# Evolving Trade.



## Vol (Jul 5, 2009)

Nafta re-negotiiations....almost nothing stays the same....you either evolve or get left behind.

Regards, Mike

http://www.agriculture.com/news/business/the-new-nafta-inspires-anxiety-on-both-sides-of-the-border


----------



## Waldo (Apr 29, 2016)

These trade agreemen's are a double edge sword we all want to sell and get the best dollars,but it hurts when the other guy land stuff in your market cheaper then you can We don't have any clothes shoes or even car manufacturing in oz anymore thanks to China and Japan but they are know one of our biggest export markets.so we sell them heaps of coal ,beef hay etc but we now have no manufacturing left.it's a hard world mike


----------



## luke strawwalker (Jul 31, 2014)

All this trade crap is just that-- so much crap...

It is SO simple to solve that it defies logic... If I were in charge, I'd put in a 100% "mirror" trade policy-- rank everything that a country trades with us and what we trade with them, in terms of volume or dollar values, whichever is more appropriate...

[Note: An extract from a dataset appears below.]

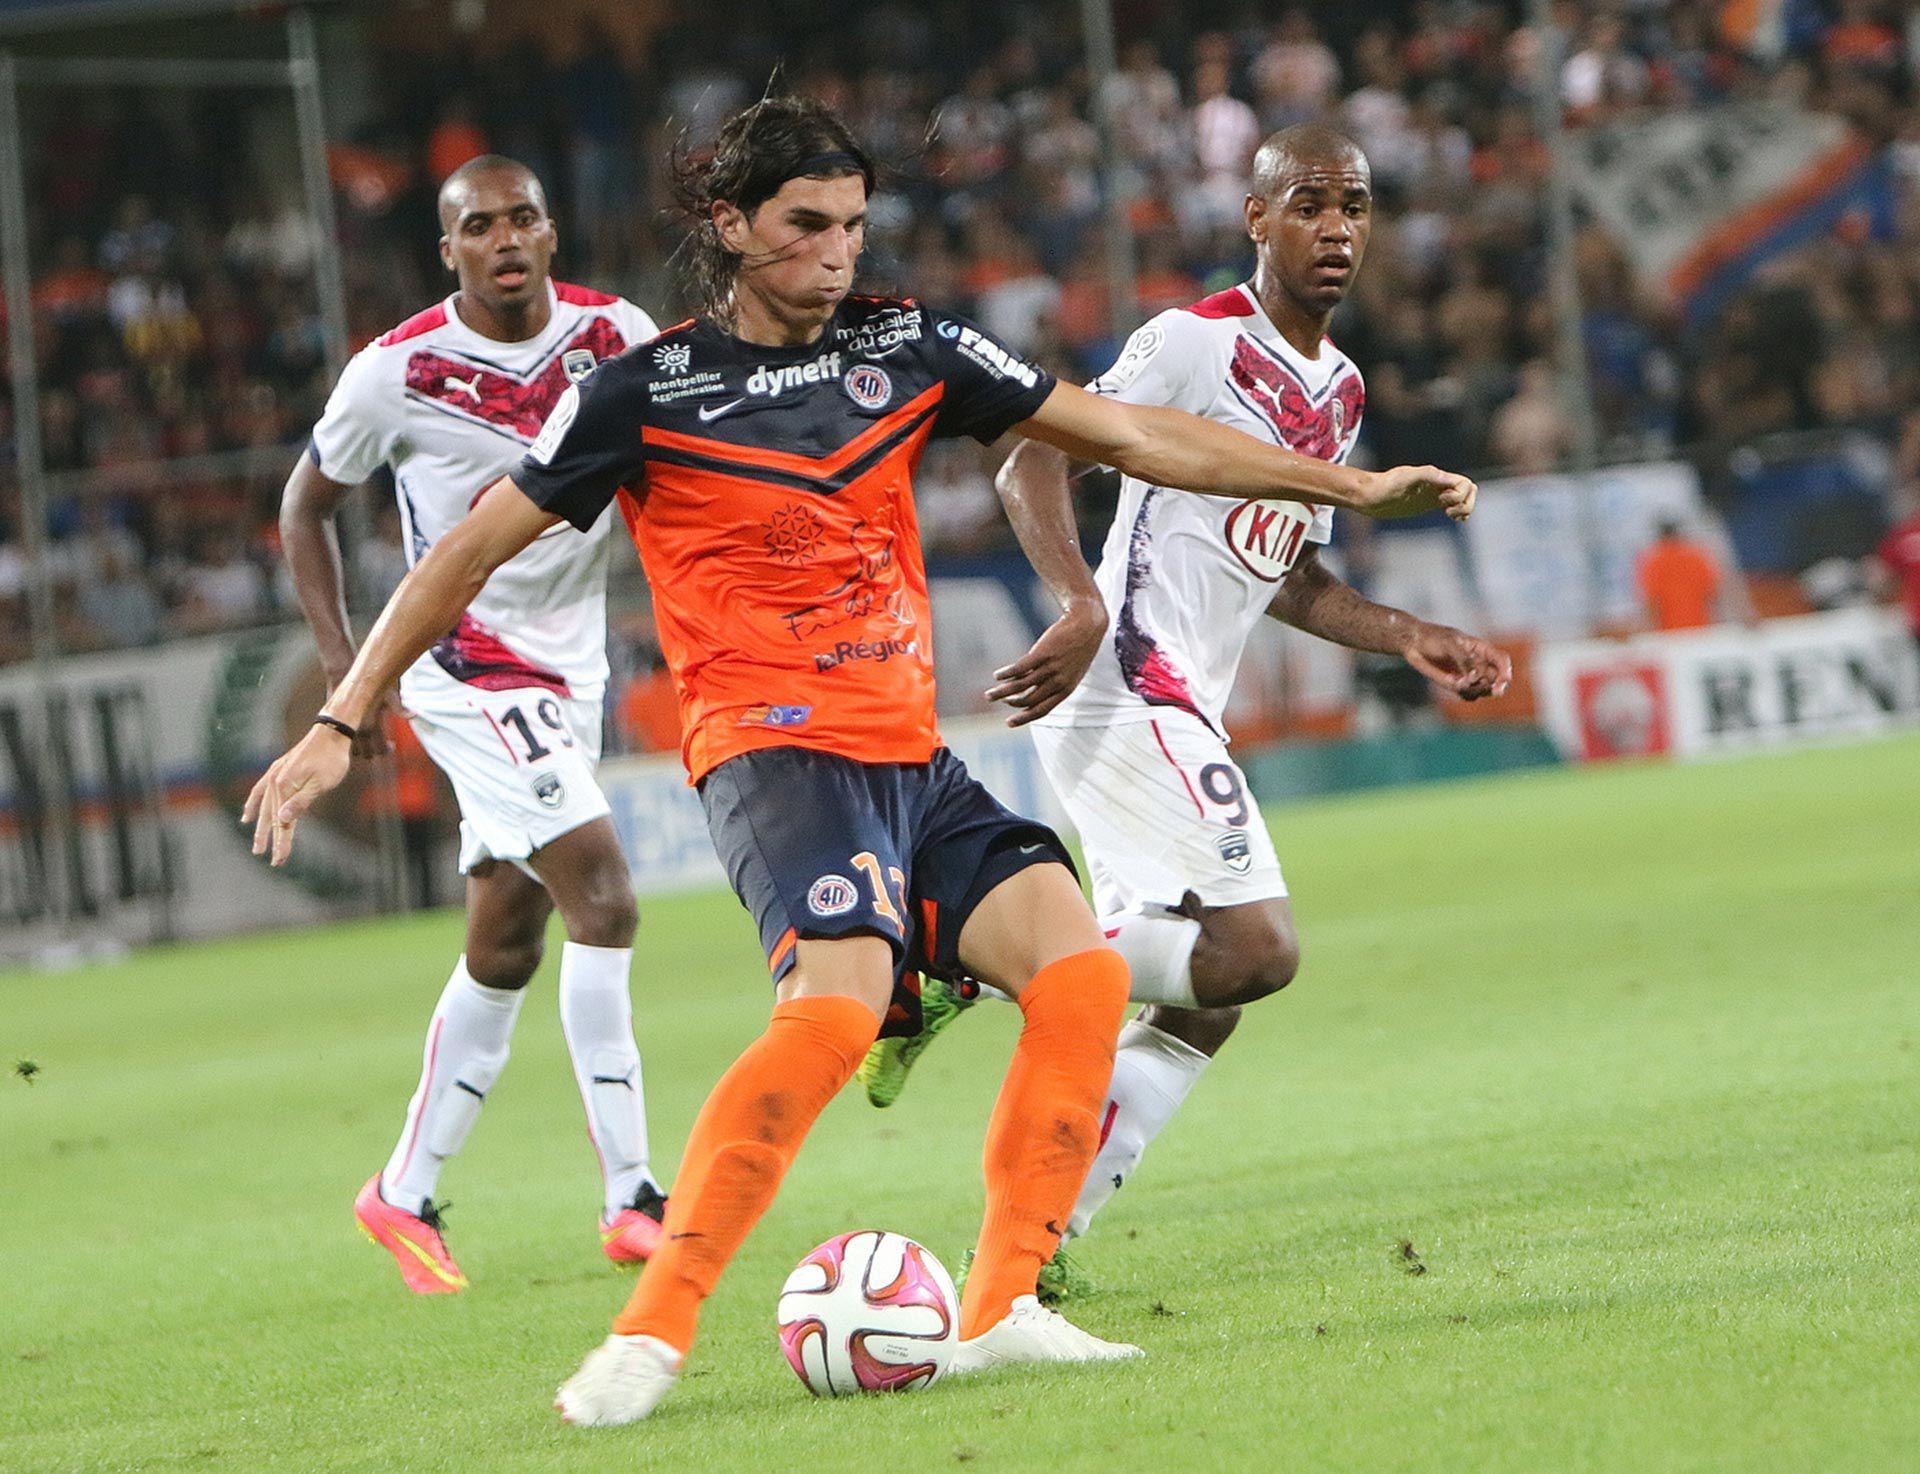 Dylan Gissi en Montpellier
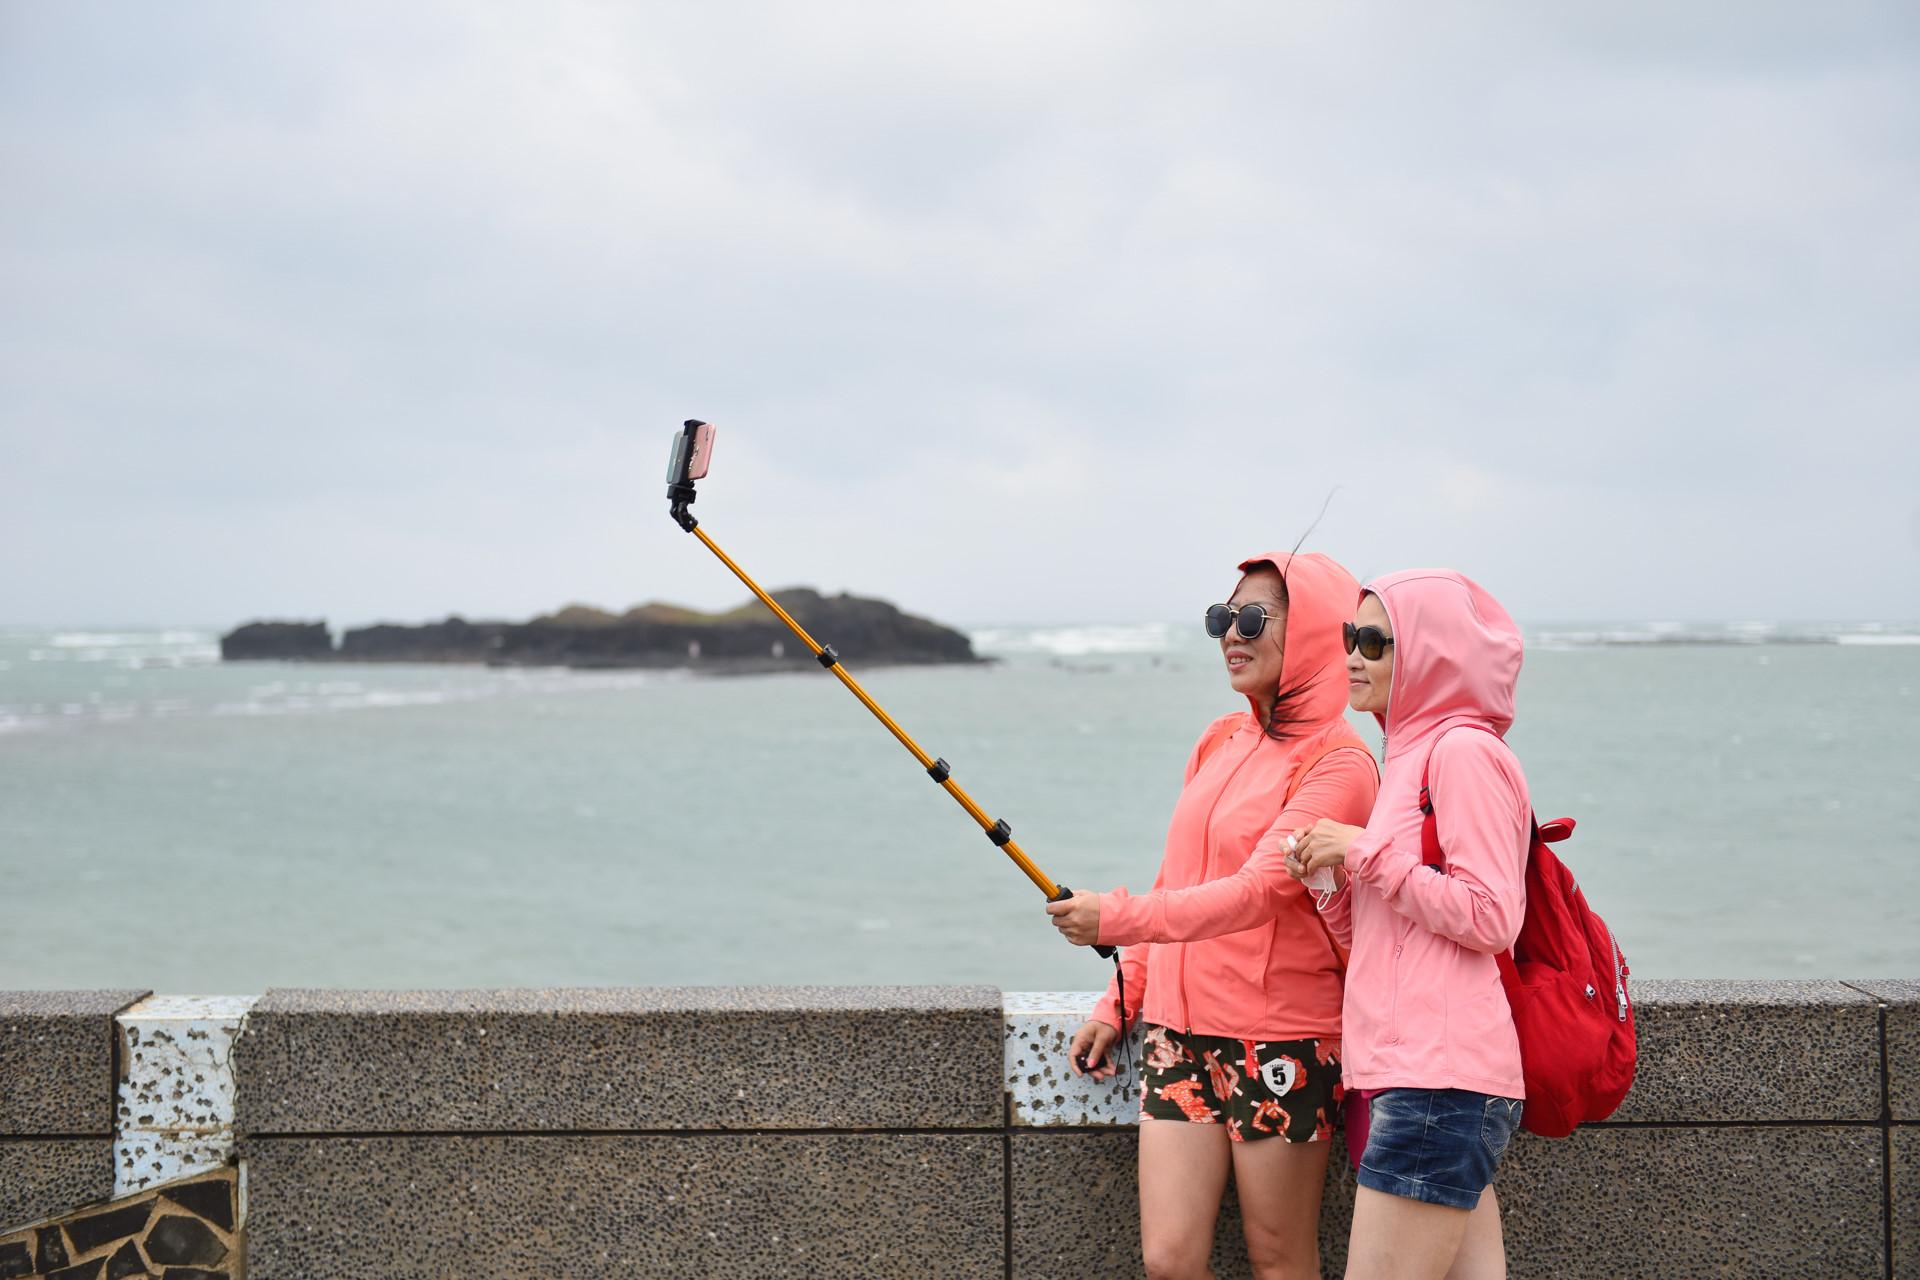 Viên ngọc của Thượng Đế trên eo biển Đài Loan Ảnh 8

Then take our #1 export to that country, and apply the exact same tariff and trade regulations that they put on our #1 import to them to THEIR #1 EXPORT that they're selling to us... right straight across the board and down the line... If they apply a 20% tariff on whatever our biggest import into their country is, we apply the exact same 20% tariff to their #1 import into our country.

Don't like our trade policy?? Change your own and we'll mirror it! Want to protect your own indigenous industry or producers by charging high tariffs, that's okay-- but just expect that your own exports sent to us will be similarly saddled with the exact same high tariffs to offset lost trade opportunities from our own producers here...

Later! OL J R


----------